Whereas motion-sensor concepts by Sony and Nintendo required you to always have a remote in your hand in order to interact with a virtual world, Microsoft gave you the option to actually become the controller.

However, the intrigue soon gave way for some disappointment when Kinect was released worldwide in 2010. Initially, the gadget was laggy and unreliable, while requiring you to have a considerable amount of space in your home to actually use it. Even when things picked up for the device, there was little support in the form of AAA games to once again peak interest.
With the new Kinect though, which will be bundled with the Xbox One at launch later this year, it appears that improvements are being made to the device across the board.
For starters, the enhanced Kinect sensor is now able to pick up the movements of 25 joints in the human body, right down to a subtle lean in the spine or a slight shrug of the shoulders – great for navigating the Xbox One’s homepage or playing a game controller-free then.
Furthermore, the gadget’s camera is able to create an image of a gamer that is detailed to the point where a shirt’s wrinkles and buttons can be passed over into a virtual reality seamlessly.

As Phil Harrison, a corporate vice president at Microsoft, mused to Eurogamer in an exclusive interview: “So with Xbox One, what we did with the Xbox One Kinect sensor is totally redesign it, so it’s wider field of view, it has new technology to detect motion in the room, it has a more sophisticated sound and voice recognition system, which dramatically improves the fidelity, precision and accuracy of Kinect compared to Kinect for 360.”

Xbox SmartGlass to learn a few new tricks

Microsoft certainly changed the landscape of video games last year, when it launched Xbox SmartGlass.
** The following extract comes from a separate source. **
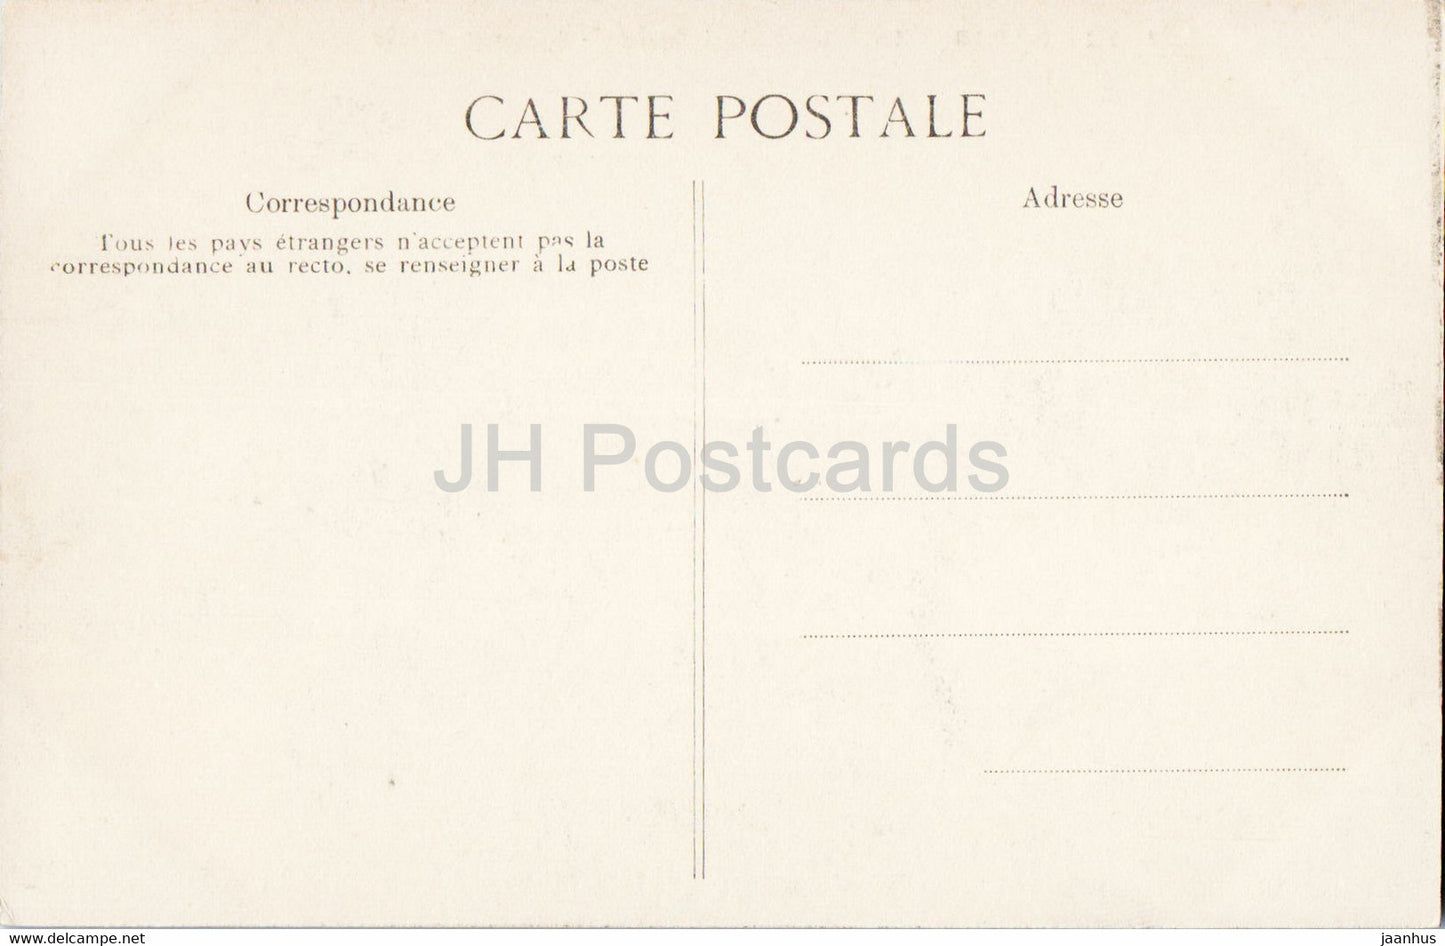 Paris - Interieur de l'Opera - Grande Salle - opera theatre - 4272 - old postcard - France - unused

An application that can link an Xbox 360 up with a device powered by Android, iOS or Windows, the strategy has worked to enable entertainment to become much more interactive.

At the Xbox One unveiling though, Microsoft showcased the next-generation of Xbox SmartGlass.
Just say you have a Samsung Galaxy S4 with the app downloaded then. By using your smartphone’s stylus pen, which can be purchased at affordable prices as part of Mobile Madhouse’s excellent Samsung Galaxy S4 accessories range, you will have the power to switch channels on live TV without ever needing to lift up a remote or controller.
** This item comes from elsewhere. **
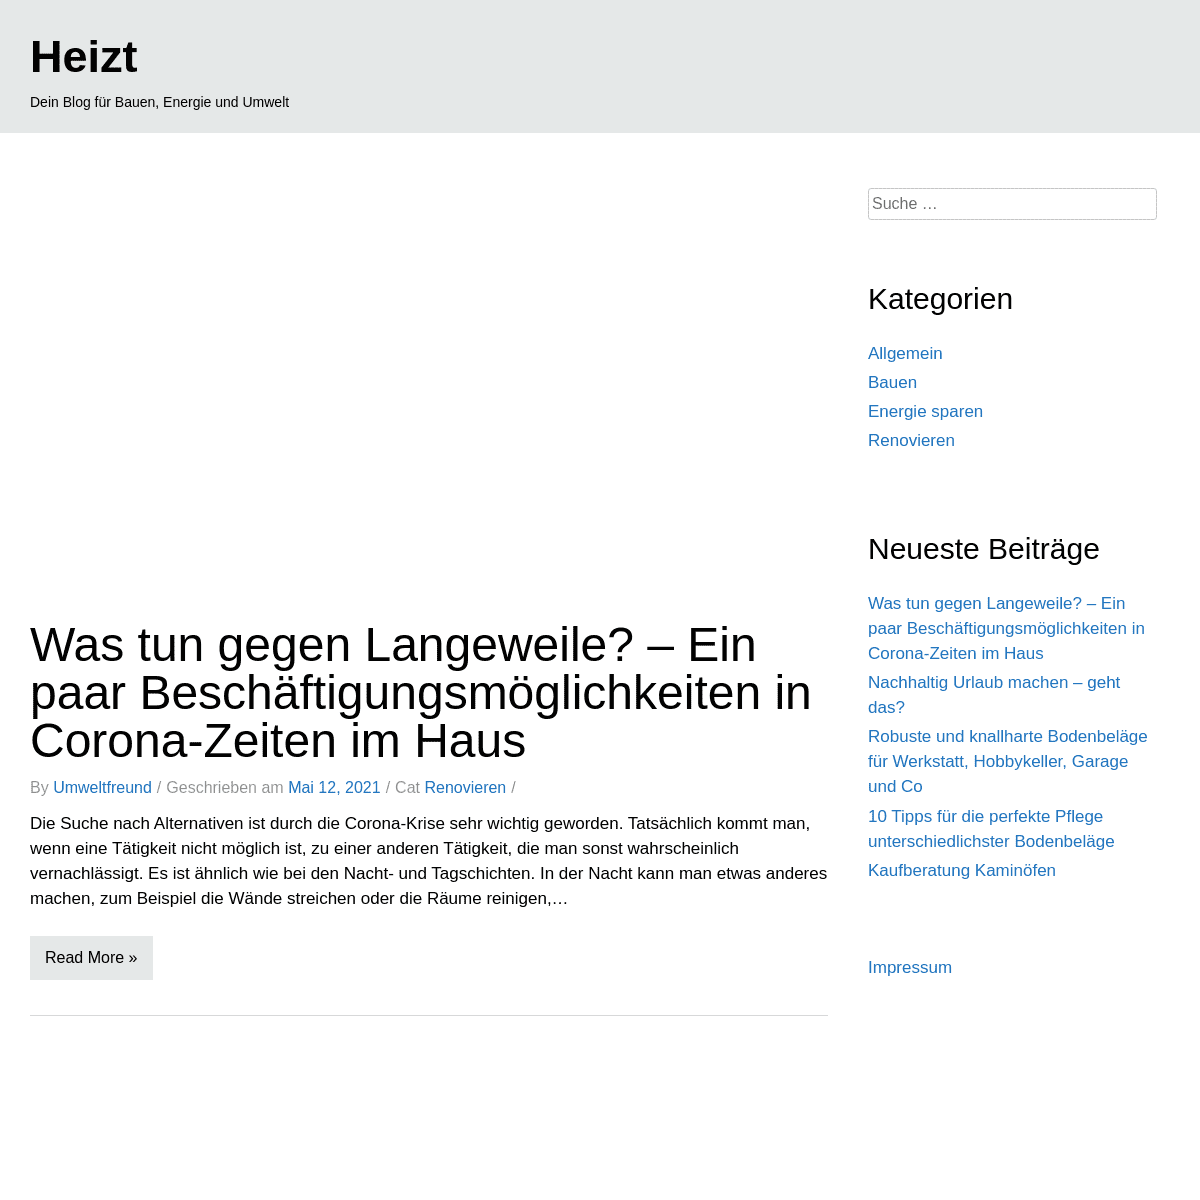 A complete backup of https://heizt.de

Mind you, Xbox SmartGlass has always been hailed as offering users with “second screen content”, and this is not going to change any time soon. If you are watching NBA on your Xbox One, to take the example shown at the reveal event, you will now have the opportunity to see your fantasy sports league being updated on your smartphone every time the score changes.

Microsoft Studios’ corporate vice president, Phil Spencer, summed up to IGN: “Xbox One was designed from the beginning understanding that multiple devices in the family room exist. Some of those devices may leave the family room and still want to remain connected to the experience.

“People might have multiple devices and have multiple players in the room who actually want to interact with the experience on-screen with their own private screen or they might want to play and have their own data. It was definitely a design criteria from the beginning for us because we’ve seen the usage of SmartGlass as very strong on the 360.”

Much more will be revealed regarding the Xbox One at Microsoft’s E3 2013 press conference on June 10th.